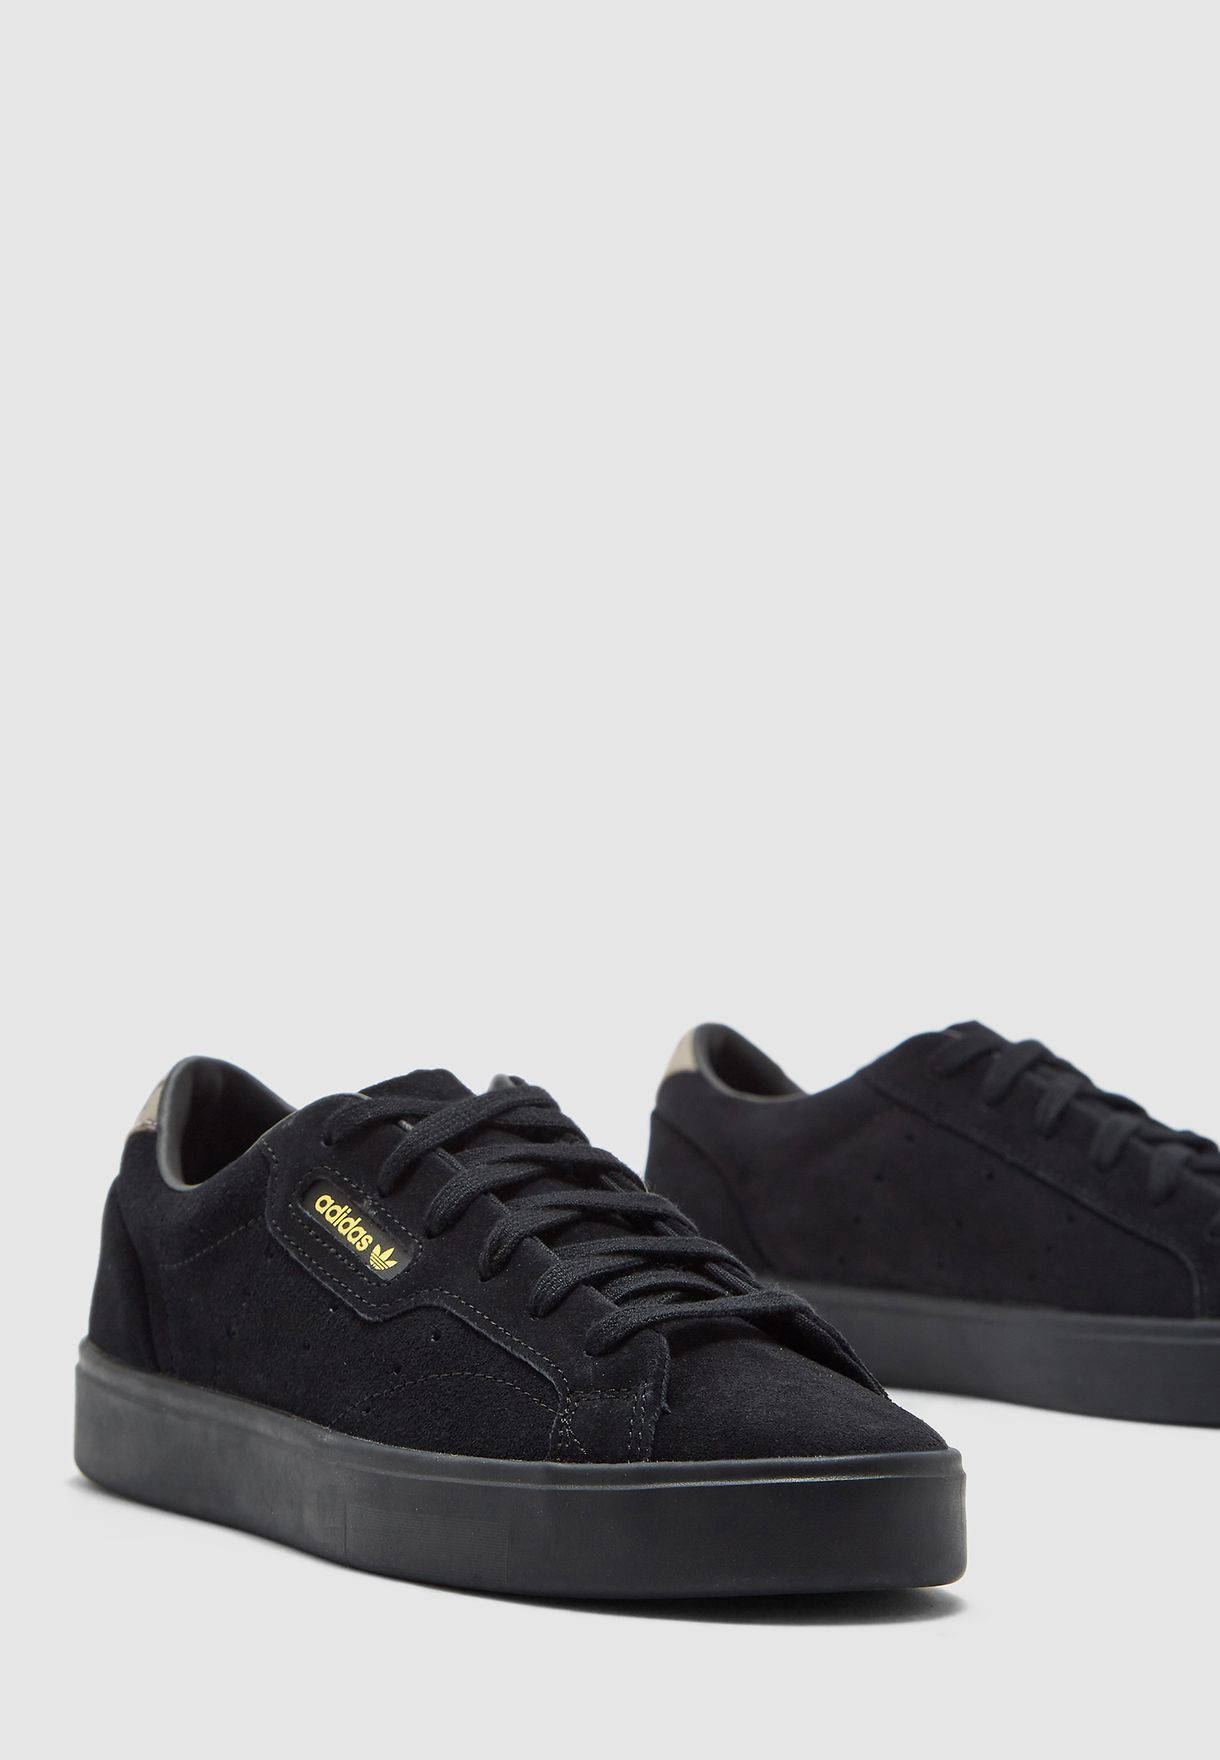 adidas black sleek trainers
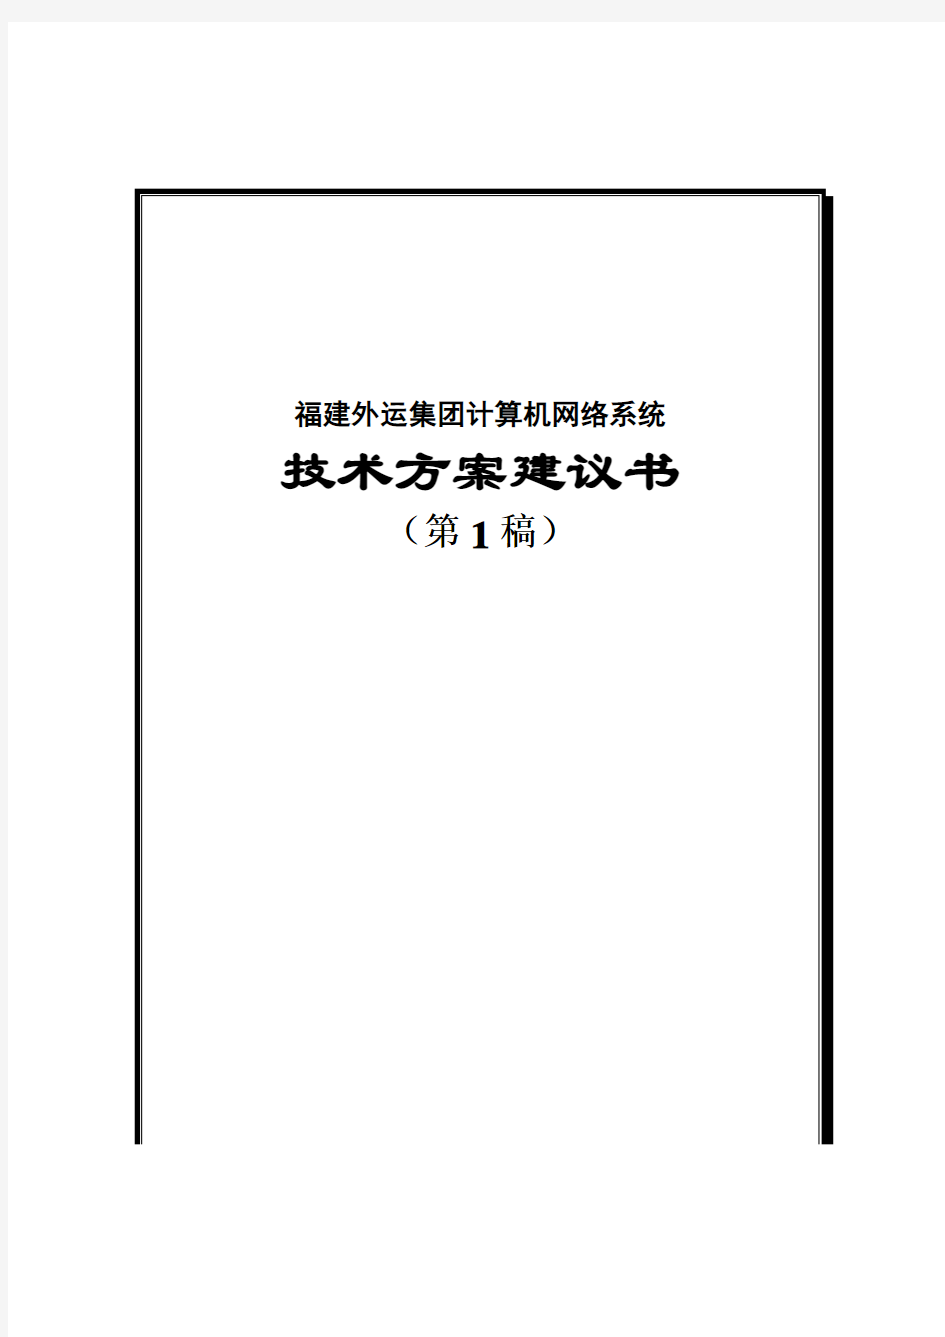 计算机网络系统技术策划方案(doc 23页)
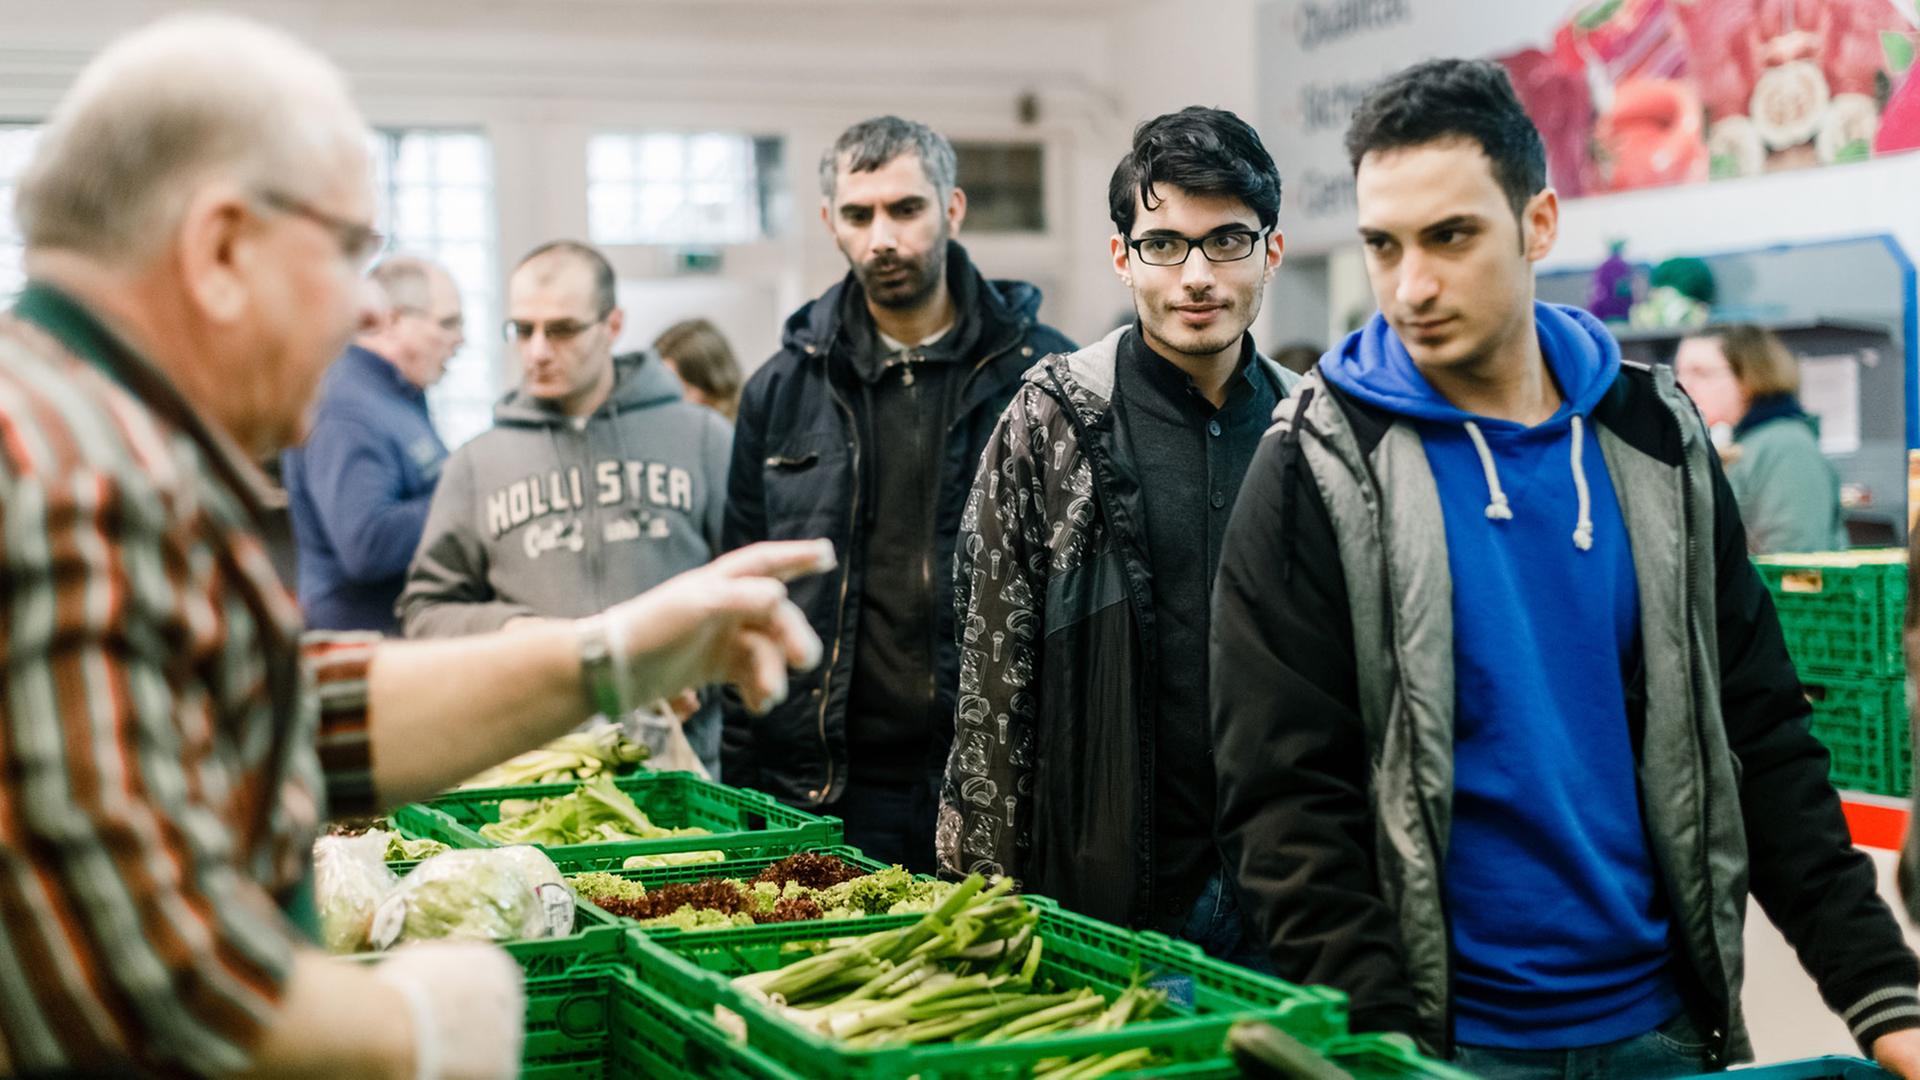 Ein ehrenamtlicher Mitarbeiter gibt am 30.12.2015 in Flensburg (Schleswig-Holstein) im Verteilraum der Flenburger Tafel Lebensmittel unter anderem an syrische Asylbewerber aus. Foto: Markus Scholz/dpa

○ ○ ○ ○

■ TASK STATEMENT: Every word of the data should be reproduced exactly; please omit any pictures.

■ TASK RESULT:
 adidas black sleek trainers
 计算机网络系统技术策划方案(doc 23页)
 Ein ehrenamtlicher Mitarbeiter gibt am 30.12.2015 in Flensburg (Schleswig-Holstein) im Verteilraum der Flenburger Tafel Lebensmittel unter anderem an syrische Asylbewerber aus. Foto: Markus Scholz/dpa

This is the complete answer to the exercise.